Dao-AILab / flash-attention

Fast and memory-efficient exact attention
BSD 3-Clause "New" or "Revised" License
13.29k stars 1.2k forks source link

Variable memory allocation with varlen kernels #1011

Open CodeCreator opened 2 months ago

CodeCreator commented 2 months ago

Hey!

I'm a big fan of the flash attention varlen kernels, and they are fantastic for saving the memory & compute of pad tokens.
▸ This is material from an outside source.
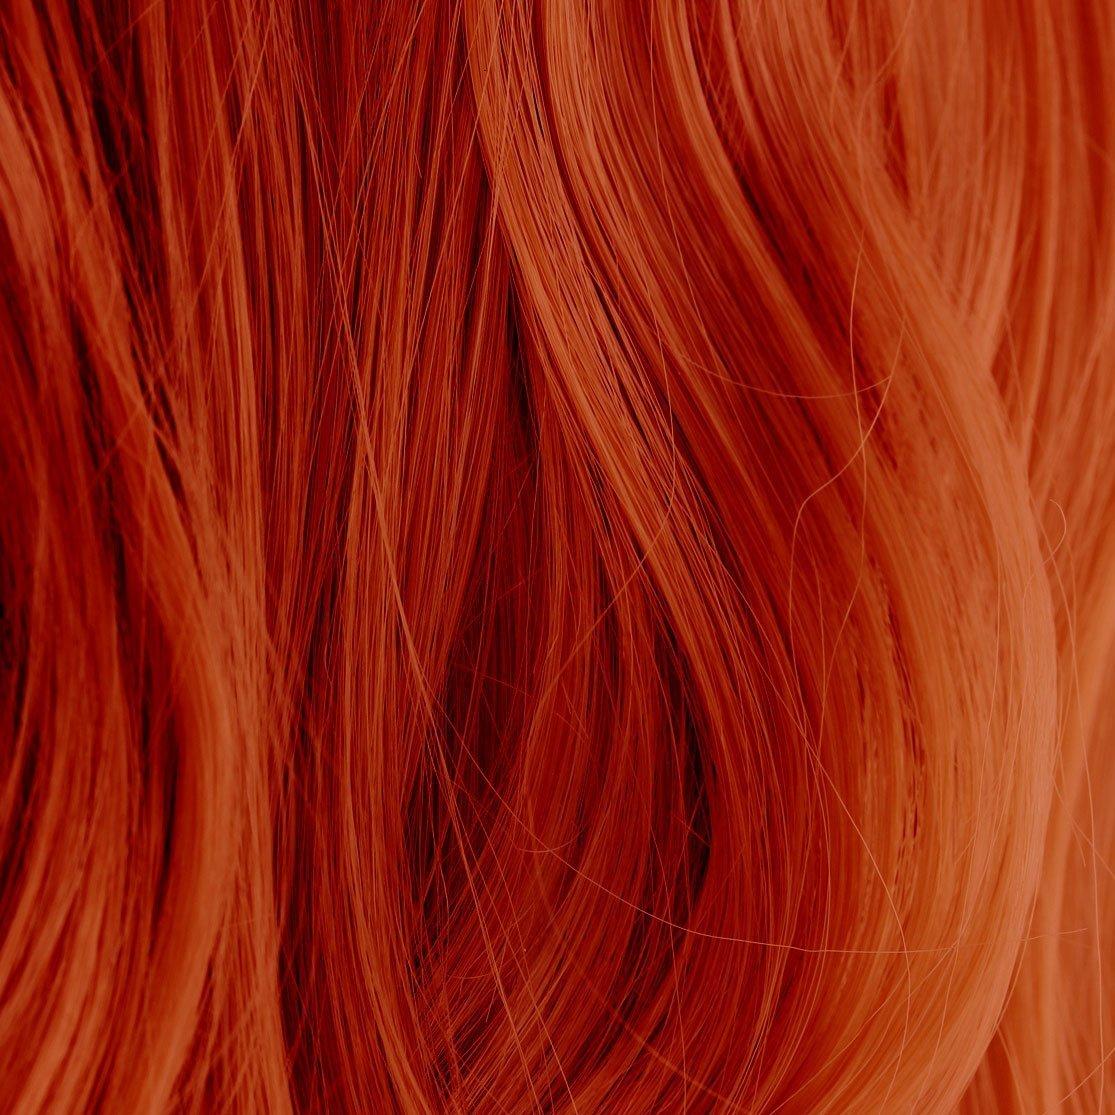 H&C 100% Natural and Pure Henna Powder / Lawsonia Inermis (Organically Grown) 227 gms (1/2 LB) for Hair

When training with fixed batches of N tokens, I've noticed that the memory will vary substantially depending on cu_seqlens and max_seqlen. I suspect this is due to the allocation of the softmax_lse in a padded format ([num_seqs, num_heads, max_seqlen]) in https://github.com/Dao-AILab/flash-attention/blob/main/csrc/flash_attn/flash_api.cpp#L655, which introduces padding again for shorter sequences.

I wonder how feasible it would be to store the softmax_lse in an unpadded format ([num_tokens, num_heads]) for the varlen kernel (at least for storing activations for the backwards pass).

Do you think that this would achieve approximately constant memory use when training with batches of fixed number of tokens? Thank you!

tridao commented 2 months ago

There's a PR for that, will be merged soon.